Why MySQL slows down without specifying an index
P粉787806024
P粉787806024 2023-09-08 00:38:24
0
1
613

I'm trying to optimize a SQL query, but I'd like to know how to do it correctly.

SELECT 
    r0_.*
FROM ride r0_ use index (ride_booking_id_IDX)
LEFT JOIN booking b1_ ON r0_.booking_id = b1_.id 
LEFT JOIN spot s2_ ON r0_.from_spot_id = s2_.id 
LEFT JOIN spot s3_ ON r0_.to_spot_id = s3_.id 
WHERE b1_.start_at <= '2023-04-21' 
    AND b1_.end_at >= '2023-04-20' 
    AND b1_.paid_at IS NOT NULL 
    AND b1_.cancelled_at IS NULL 
    AND ((s2_.zone_id = 1 OR s3_.zone_id = 1)) 
    AND s2_.type = 'parking';

Here, I force the index (booking_id, from_spot_id, to_spot_id), which causes the query to execute within 25 seconds of the nearest date for about 100 milliseconds!

The

booking table has about 2 million rows, and the ride table has about 5 million rows.

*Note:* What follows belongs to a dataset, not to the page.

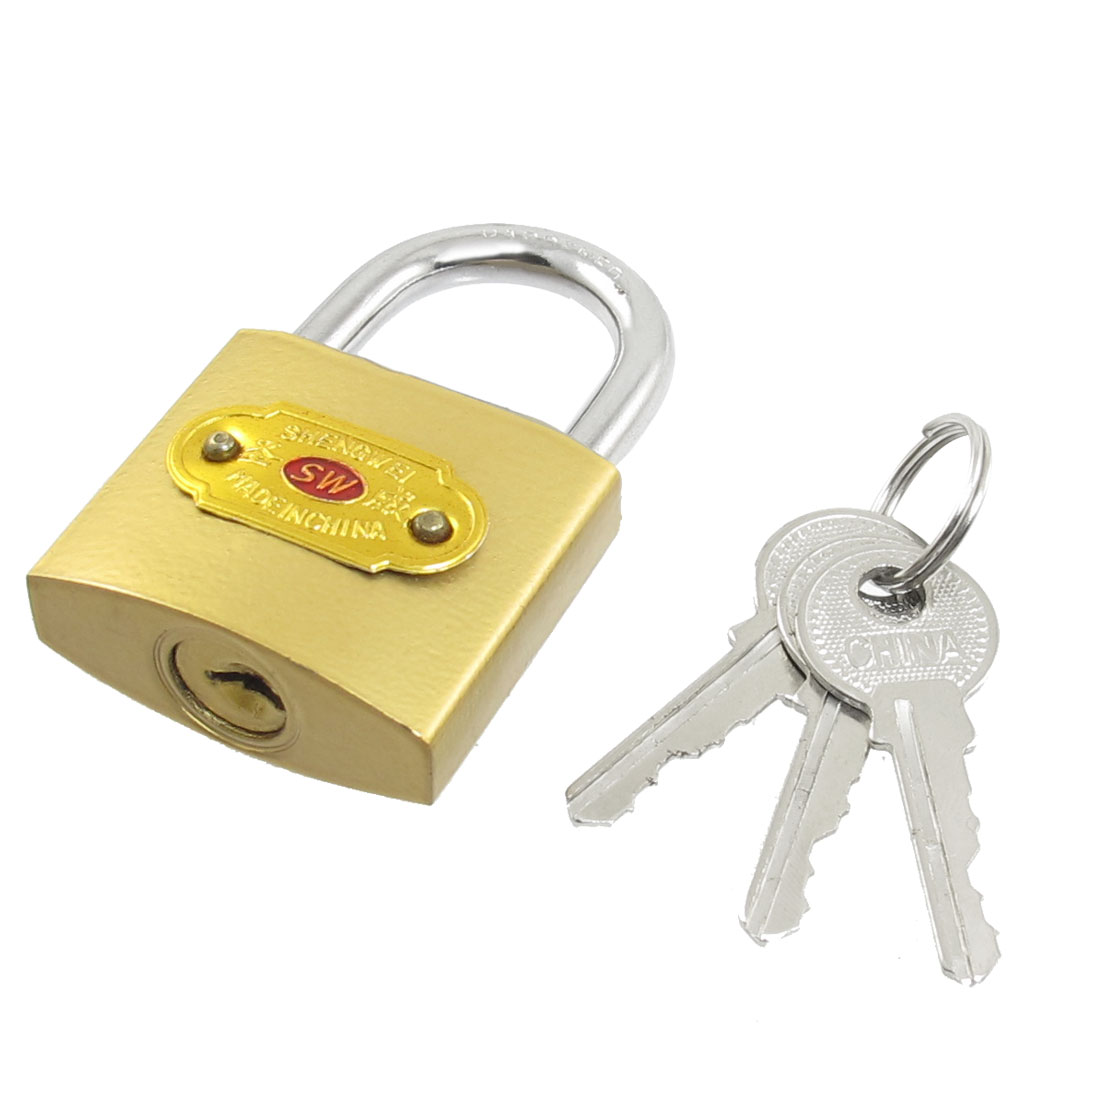 "Cabinet Jewlery Box Packsack Brass Padlock 2.3"" Height Gold Tone w Three Keys"

However, I can see it scanning more rows using the forced index:

id Choose a type surface Partition type Possible keys key key_len refer to OK Filtered additional
1 Simple b1_ scope Main, booking_id_end_IDX, booking_id_IDX, booking_id_start_IDX, IDX_E00CEDDEB75363F7, IDX_E00CEDDE37D3107C, IDX_E00CEDDEDEA4208C, booking_paid_at_IDX, booking_cancelled_at_IDX IDX_E00CEDDE37D3107C 6 111456 6.6 Use index conditions; use location
1 Simple r0_ refer to ride_booking_id_IDX ride_booking_id_IDX 109 ector.b1_.id 1 100.0
1 Simple s2_ eq_ref main,IDX_B9327A739F2C3FAB,spot_type_IDX main 4 ector.r0_.from_spot_id 1 72.52 place of use
1 Simple s3_ eq_ref main main 4 ector.r0_.to_spot_id 1 100.0 place of use

Compared to the same query without using indexes:

id Choose a type surface Partition type Possible keys key key_len refer to OK Filtered additional
1 Simple s2_ refer to main,IDX_B9327A739F2C3FAB,spot_type_IDX spot_type_IDX 767 constant 161 100.0 Use index conditions
1 Simple r0_ refer to IDX_9B3D7CD0ABAF30D3, IDX_9B3D7CD03301C60, ride_booking_id_IDX, booking_from_spot_to_spot_IDX IDX_9B3D7CD0ABAF30D3 5 ector.s2_.id 392 100.0
1 Simple b1_ eq_ref Main, booking_id_end_IDX, booking_id_IDX, booking_id_start_IDX, IDX_E00CEDDEB75363F7, IDX_E00CEDDE37D3107C, IDX_E00CEDDEDEA4208C, booking_paid_at_IDX, booking_cancelled_at_IDX main 108 ector.r0_.booking_id 1 5.0 place of use
1 Simple s3_ eq_ref main main 4 ector.r0_.to_spot_id 1 100.0 place of use

As far as I can tell, the dates I'm using to compare against start_at and end_at are the reason why the query is noticeably faster.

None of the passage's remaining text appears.